I miss three deceased industry leaders who were among the first to welcome me to my new post in 1997. Bill McHenry was a consummate gentleman as well as an articulate, passionate statesman for our industry. Dwain Willingham was forever challenging colleagues – and himself – to step outside the box to do more and better. And Milford Therrell used that distinctive, deep Southern drawl to persuade a fractured industry to invest in itself and compete in a new energy market.

I wish my good friend and mentor, Zane Chastain, was still pushing deadlines for us in Cleveland instead of the snow in Duluth, Minn. Nobody knew the propane industry the way Zane did. He recognized the importance of digging beneath the numbers and agendas to get to the real stories of the industry – its people.

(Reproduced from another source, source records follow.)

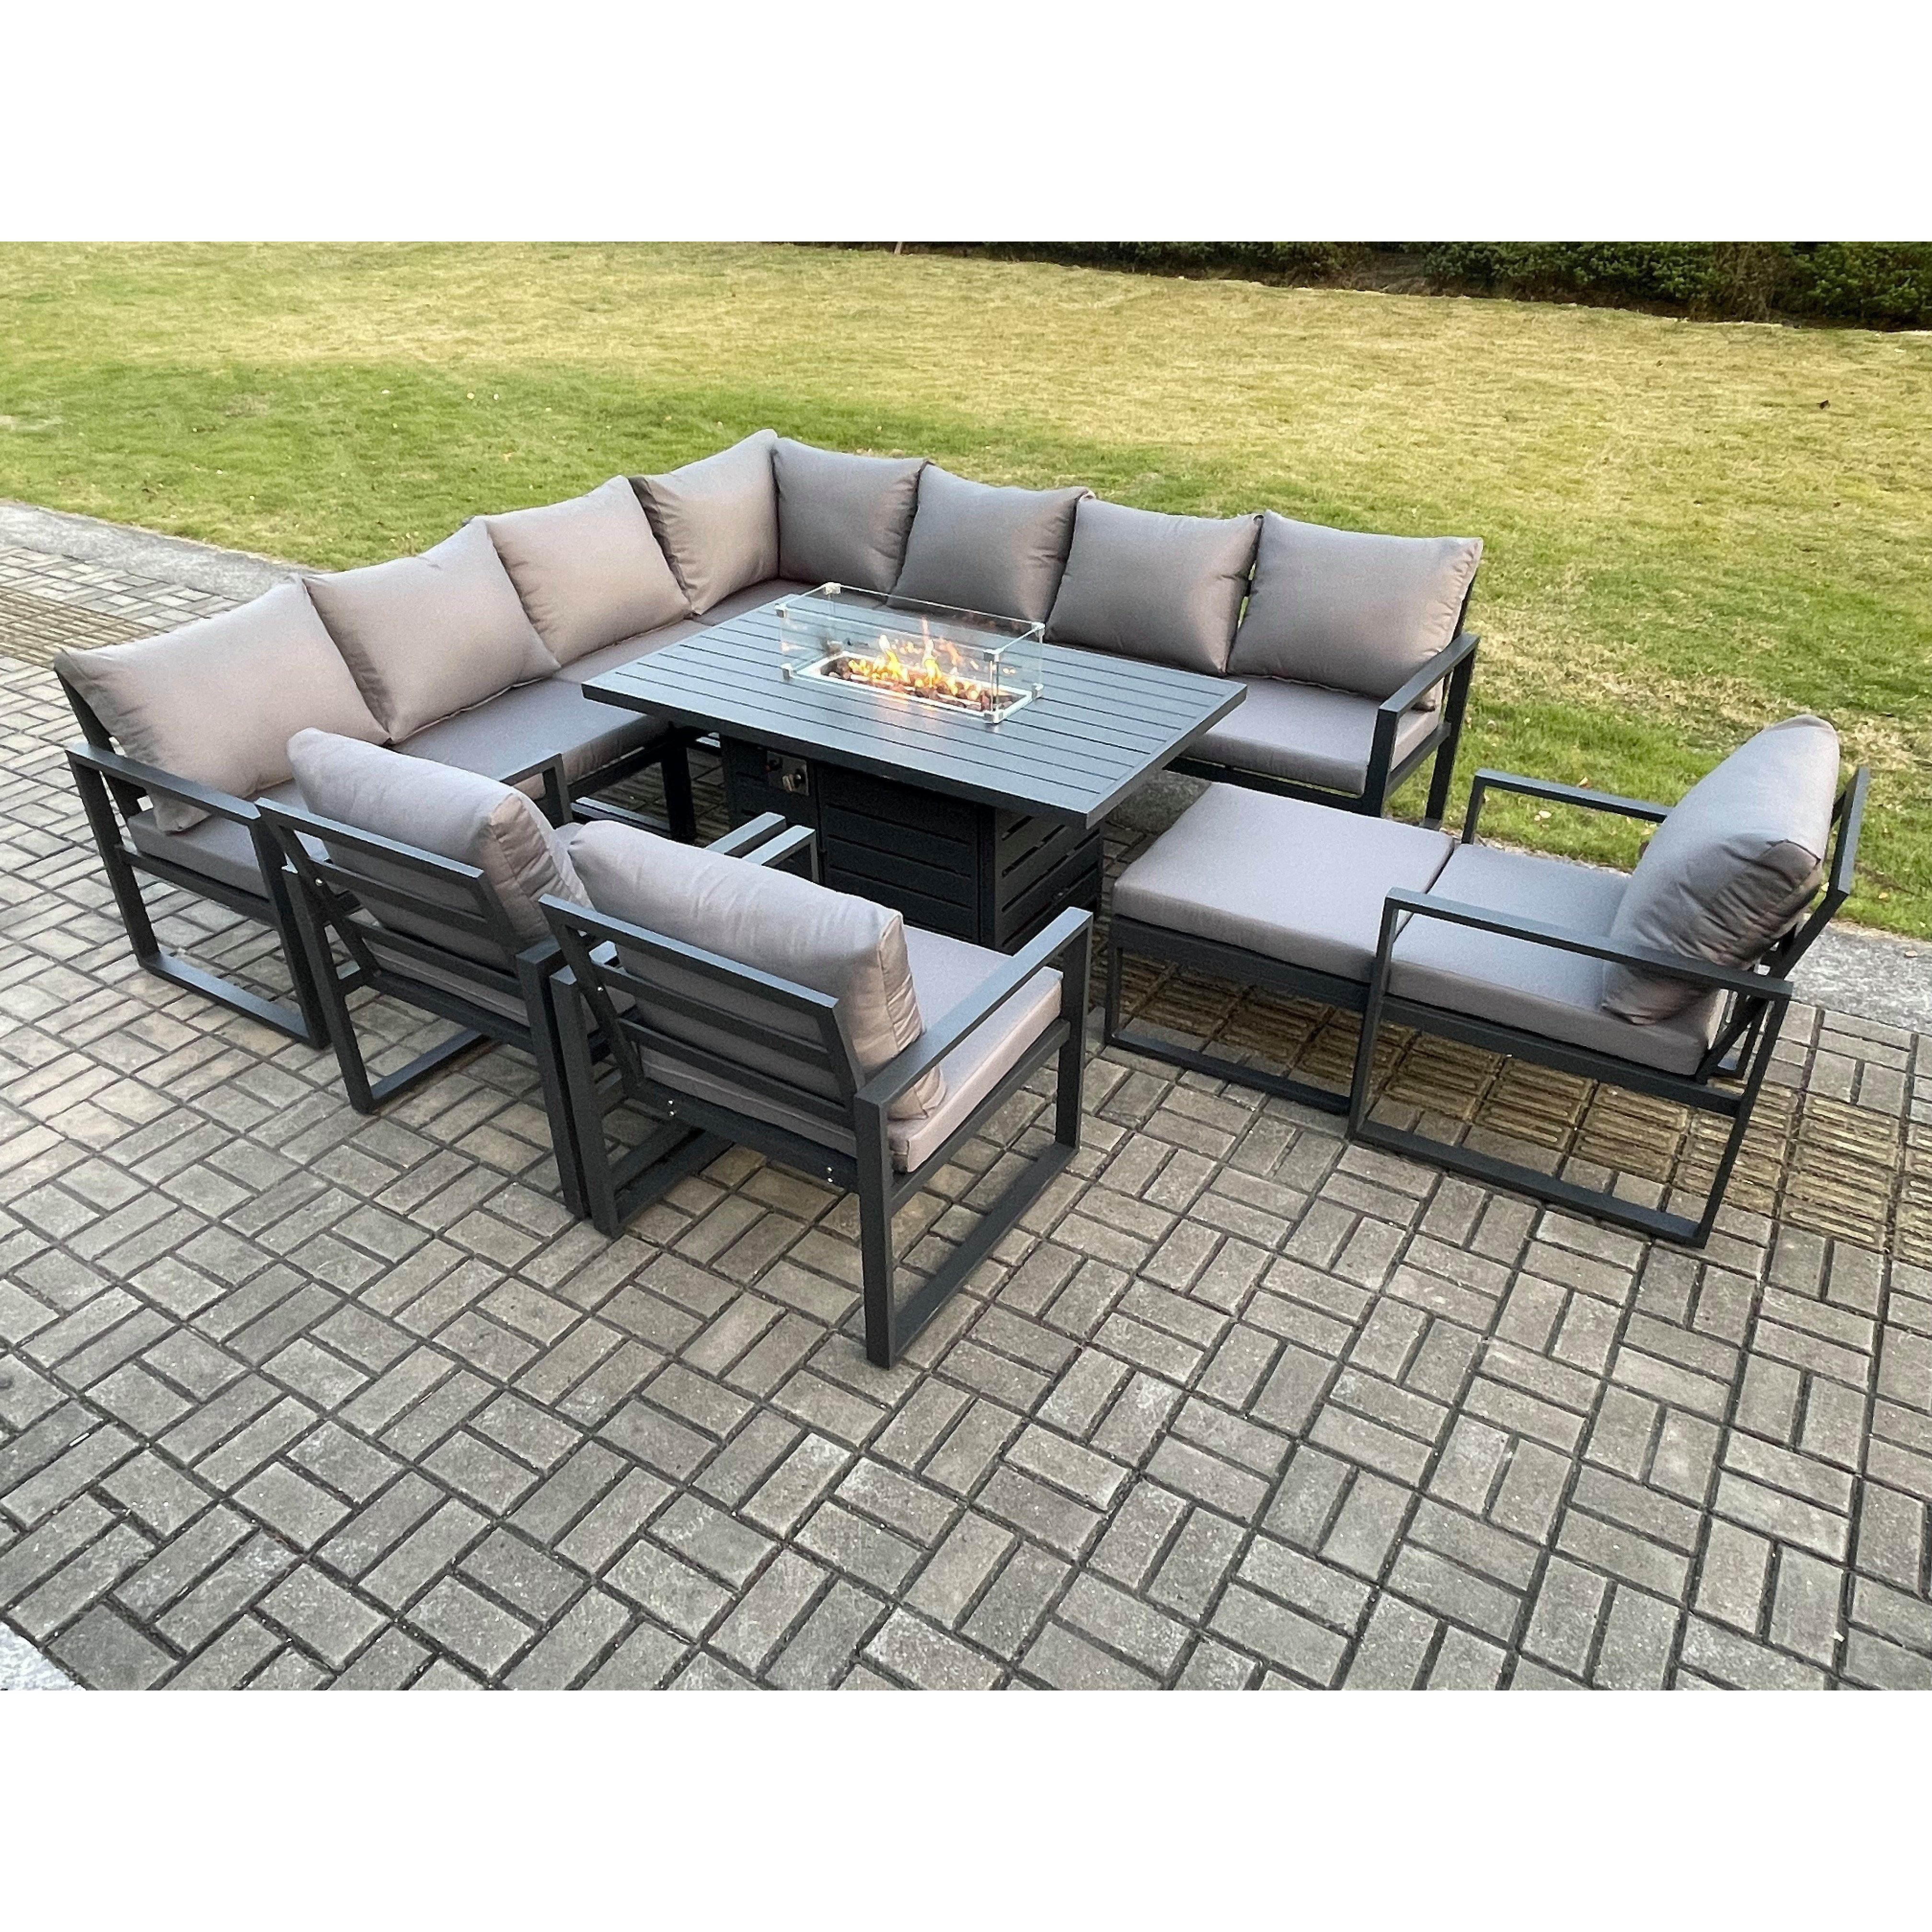 Aluminium 11 Seater Garden Furniture Outdoor Set Patio Lounge Sofa Gas Fire Pit Dining Table Set with 3 Chairs Big Footstool Dark Grey - image 1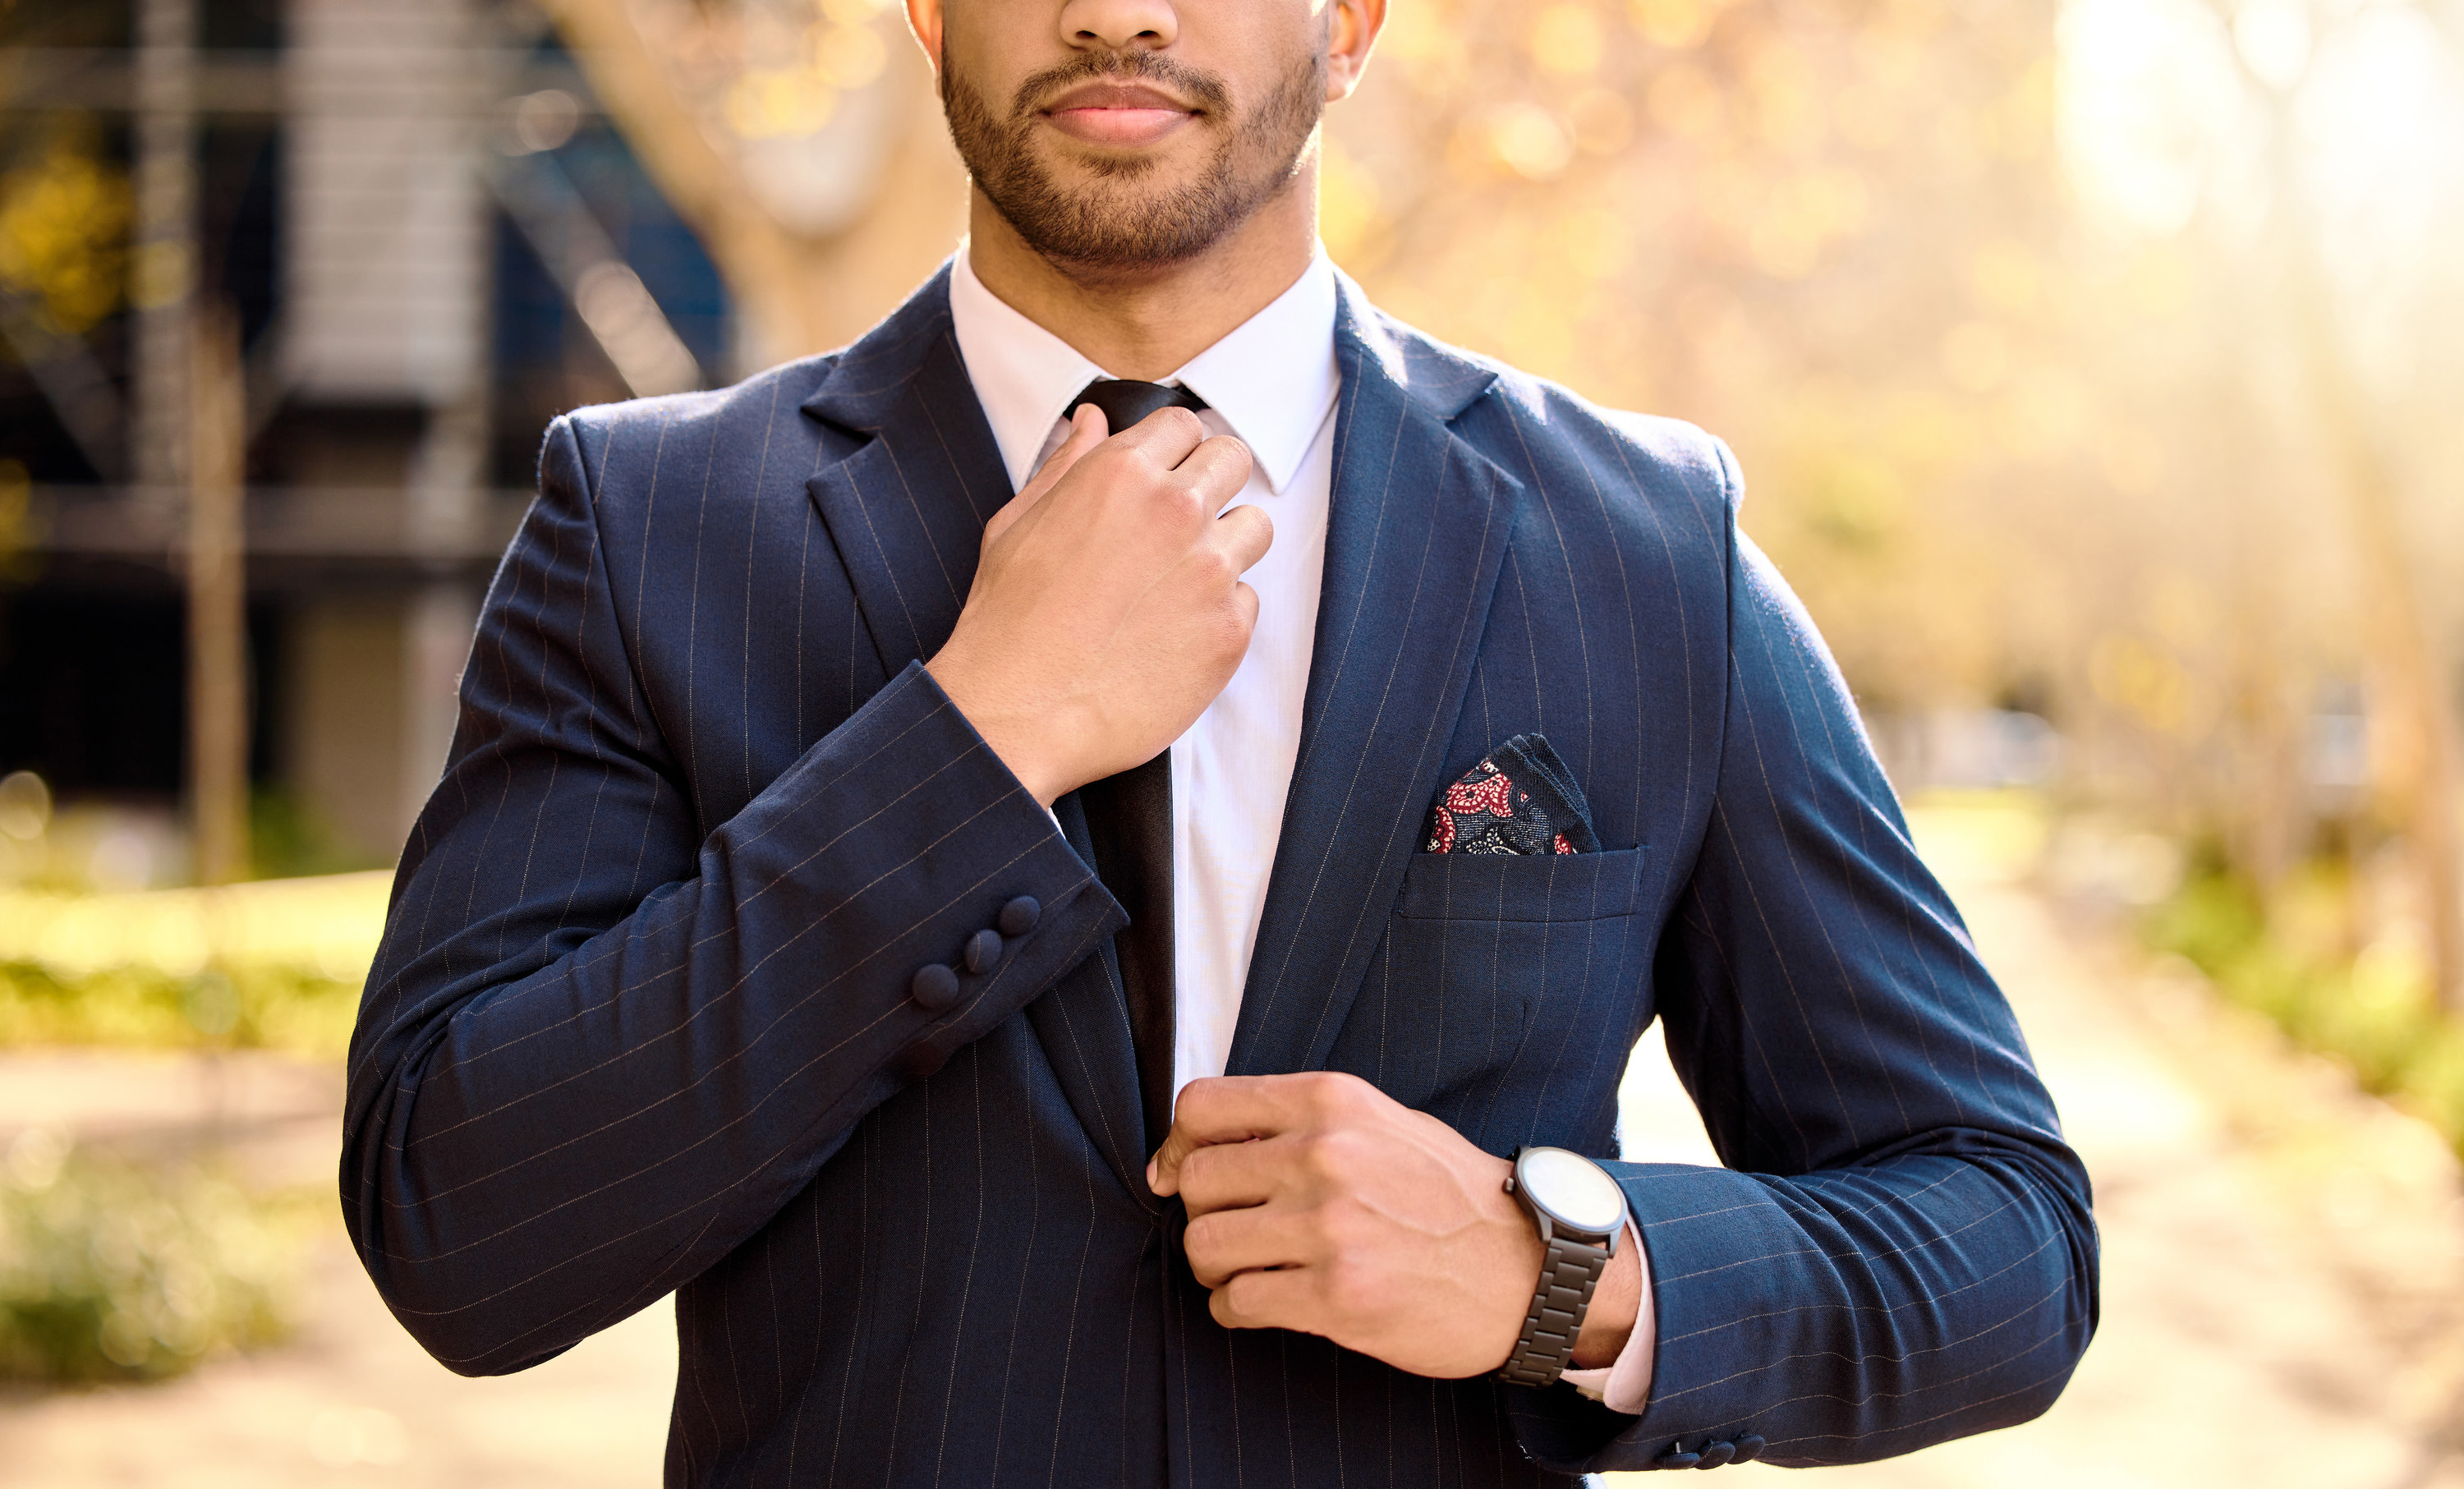 A man dressed in a suit fixes his tie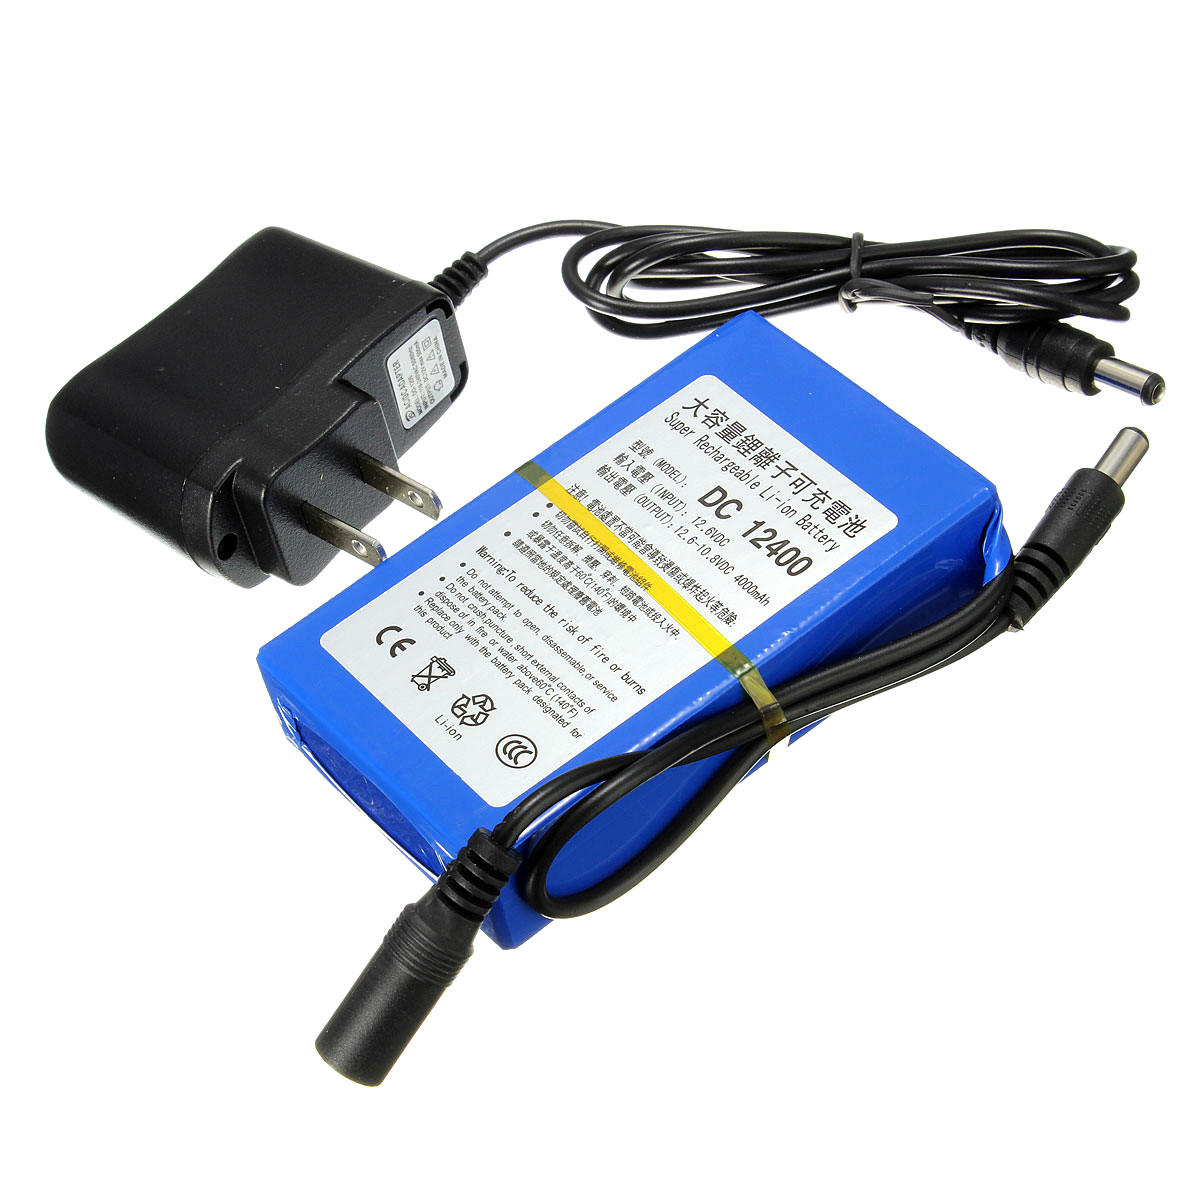 

11.1V 4000mAh Rechargeable Portable Lithium-ion Battery Pack with AC/DC Charger

I am a better editor and a better person because Zane provided a golden example of both before he retired eight years ago.

But change is constant, even in an industry where folks constantly moan that “nothing ever changes.”

The biggest difference is the price of product. Wholesale propane cost $0.44 per gallon in March 1997; it was $1.63 this past March. Since 2002 alone, propane prices have jumped nearly 250 percent.

That change has threatened propane’s historical role as the energy choice of middle-income families. I’m told the average retail price this year is 340 percent more than it was in 2002. Many long-time marketers claim it’s the number one reason for the decline in gallons sold nationwide the last four years – and the main reason they are getting out of the business altogether.

Runaway crude prices ($15.97 per barrel back then vs. $132.19 now) have taken a perilous toll on the cost to deliver product as well. Ten years ago, propane marketers were fueling their vehicles with $1.20 gasoline. This Memorial Day weekend, the price at the pump averaged $3.84 for gasoline and $4.49 for diesel.

There have been substantial improvements since my rookie year, too.

I almost never have a dealer ask me to wait until he hangs up the phone before I can send him a fax. Most even seem to be getting the hang of the Internet to promote themselves and transact some business.

Technology has made huge inroads in helping increase efficiency and productivity with route mapping, remote gauges and office software.

The work of the Propane Education & Research Council has dramatically raised the bar in the areas of safety training, marketing and research.

And I have Brian Richesson on staff to share the load and catch all my mistakes before they go to print.

Can’t wait to see how it all shakes out by the time I turn 75.